Agreed. Same thing in the US. At the risk of getting too political, enough money to fund trillion-dollar wars but not enough for average public school teachers to earn a living wage. Many even have to pay for school supplies out of pocket. 

Happy to be a loyal SF customer (with the occasional impatient gripe or two).


----------



## Karma (Sep 11, 2016)

My Student discount is valid until October. Would I be able to take advantage of this at all?


----------



## Spitfire Team (Sep 11, 2016)

40% off SCS will give you an absolute bargain.


----------



## lucky909091 (Sep 11, 2016)

How long does this offer last
and secondly, does this offer include the price reduced bundles, too?


----------



## Karma (Sep 11, 2016)

So even though technically by October I will no longer be a Student, the discount will be valid? If so I'll be buying it today!


----------



## Spitfire Team (Sep 11, 2016)

Offer ends 1st October. We check expiration dates of student cards / course dates and make a judgement on that...


----------



## C.R. Rivera (Sep 11, 2016)

Spitfire Team said:


> Hi there, we base our experience of being a student in the UK. Teachers are very poorly paid and many in the London area find it very difficult to have any quality of life without having to find second jobs during the school holidays. UK students (save in Scotland) have to pay hefty tuition fees and most leave university with in excess of £30,000 in student loans. Many students will never be able to pay this off so go into careers permanently in debt. Young people who grow up in London are now unable to purchase property there so now face a future of paying exorbitant rents charged by landlords in an unregulated private commercial landscape whilst trying to keep up with student loan repayments. Combine this with trying to forge a career in music (especially outside London!) in the face of disappearing up front fees and non-existent back end royalties makes for a bleak outlook. This is why we offer 30% off to students and teachers (currently 40%) and whilst they may be better off elsewhere, we feel it beyond our capabilities of means testing geographical demographics.
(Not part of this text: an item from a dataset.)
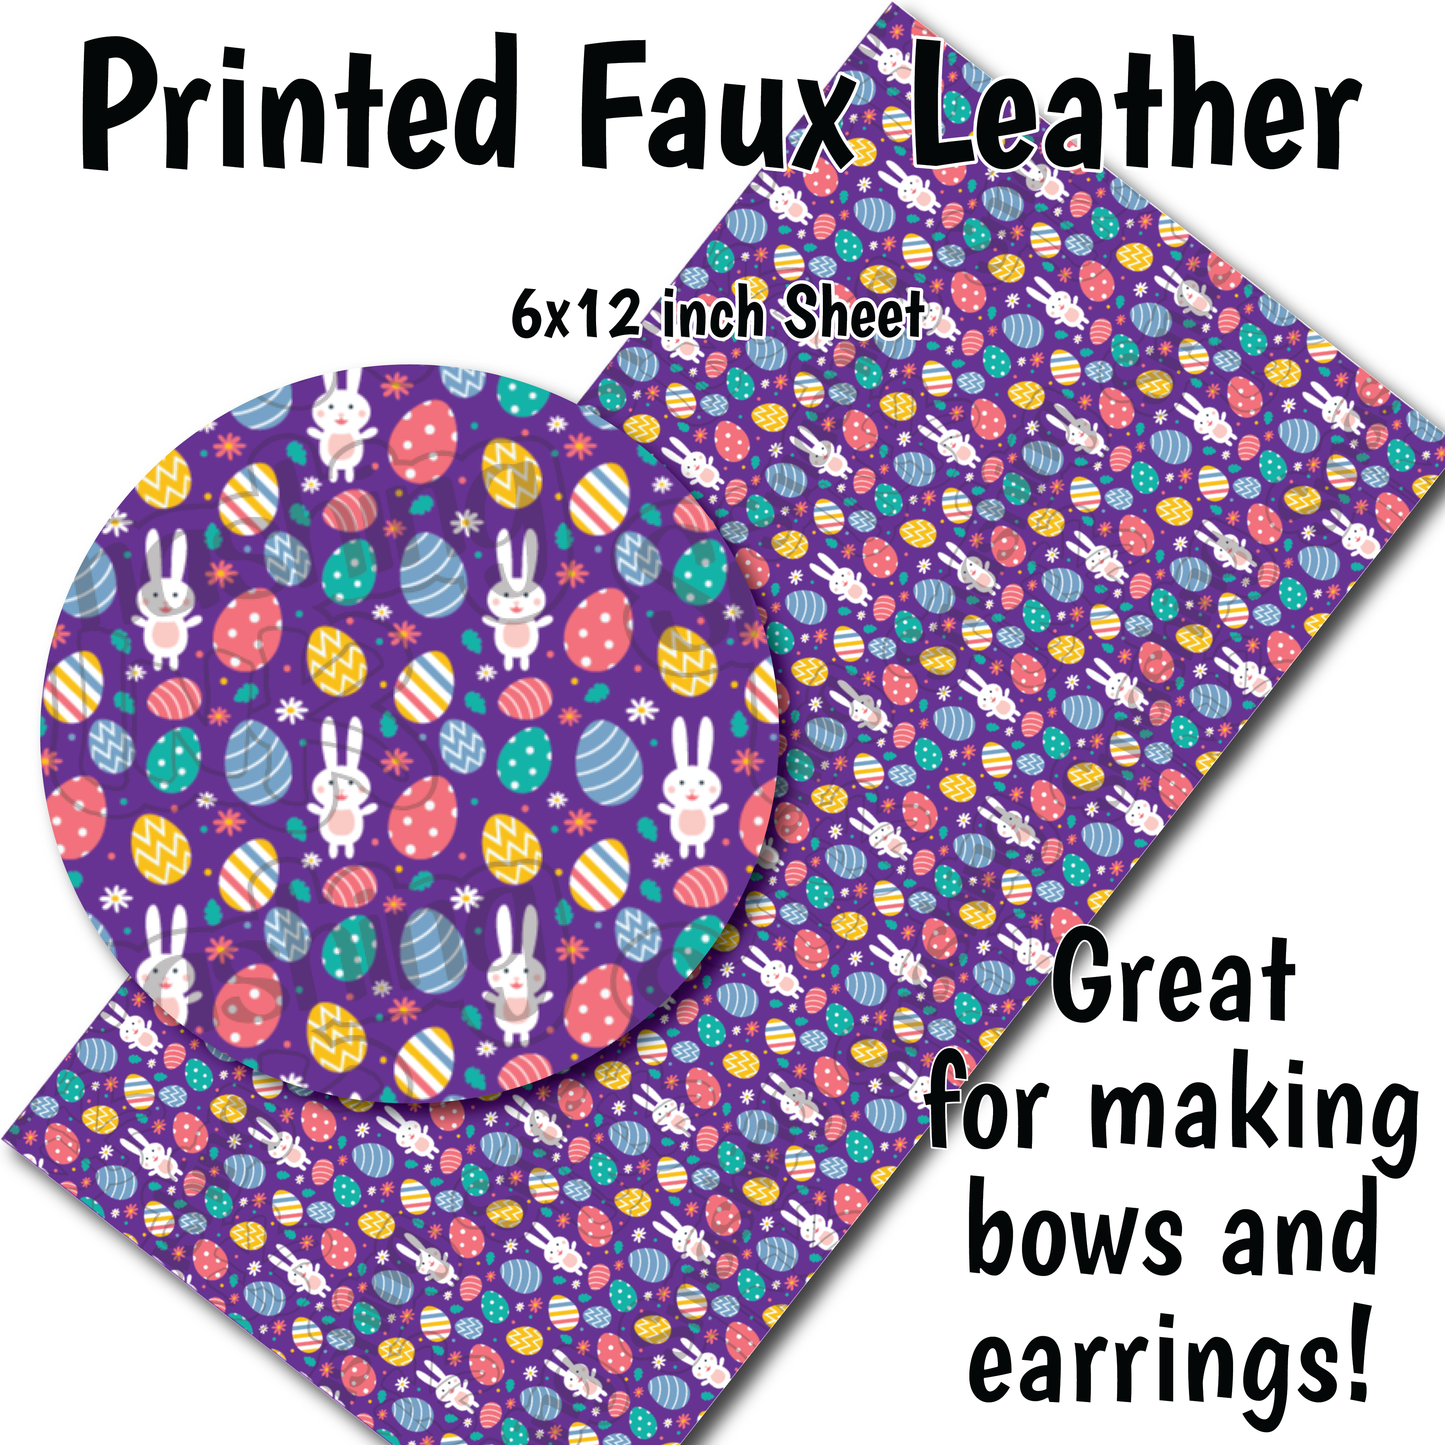 Easter Bunny Pattern - Faux Leather Sheet (SHIPS IN 3 BUS DAYS)

We also have no shame in saying that making these concessions actually makes us feel good.



Spitfire Audio, among others, are the equivalent to the renaissance patrons, but for VI tools. We can truly appreciate the time/cost/expense they bear to encourage and grow new generations of talent to go forth and master their craft. Perhaps, we might consider it the gift of paying it forward. To Messers. Henson and Thompson, along with like-minded organizations, a respectful tip of the hat and a hearty thank you for your generosity.


----------



## Spitfire Team (Sep 11, 2016)

Thanks Mr Rivera that is really kind. C.


----------



## lucky909091 (Sep 11, 2016)

Thank you for the response.
I will get fresh money at the end of September, so there will be enough time to choose my beloved products.


----------



## ironbut (Sep 11, 2016)

I was a moderator on another forum and we had a rule that members should only relate what they know of first hand. 
There's nothing like a well placed "he said" or "I once heard that" to permanently stain a reputation. That is one of the dark sides of the internet age.
When I first posted and read the response I was freaking out that I'd made a horrible mistake!
Once I got a grip on myself (who has a tendency to be an idiot when it comes to these things) I knew I was getting worked up over something that hadn't happened and I should cool my heels and wait to hear from Spitfire.
So, even though I'm sure the poster was well meaning, he should be aware that so much in this world is balanced on the knife edge of trust. And good people can be harmed by careless comments.


----------



## galactic orange (Sep 11, 2016)

Sept. 15th is fast approaching. So who is going for this? I was hoping to expand my brass library, but don't own anything from Spitfire. This looks like a great deal.


----------



## mc_deli (Sep 11, 2016)

wbacer said:


> I remember when I purchased Spitfire Chamber Strings, they had a problem with their EDU discount. The system would not recognize their EDU discount code at checkout. They said they were aware of the issue and were working on it. I got tired of waiting for the problem to be resolved so I made the purchase at their introductory sale price which was more than the EDU discount.
> 
> A week or so later they emailed me back and said that the EDU discount problem had been resolved. I replied and said no problem I already made the purchase at the intro price. Then out of the blue, they emailed me back, apologized for the problem and said they were going to refund me the difference and they did. They didn't have to do that. Now that's a class act.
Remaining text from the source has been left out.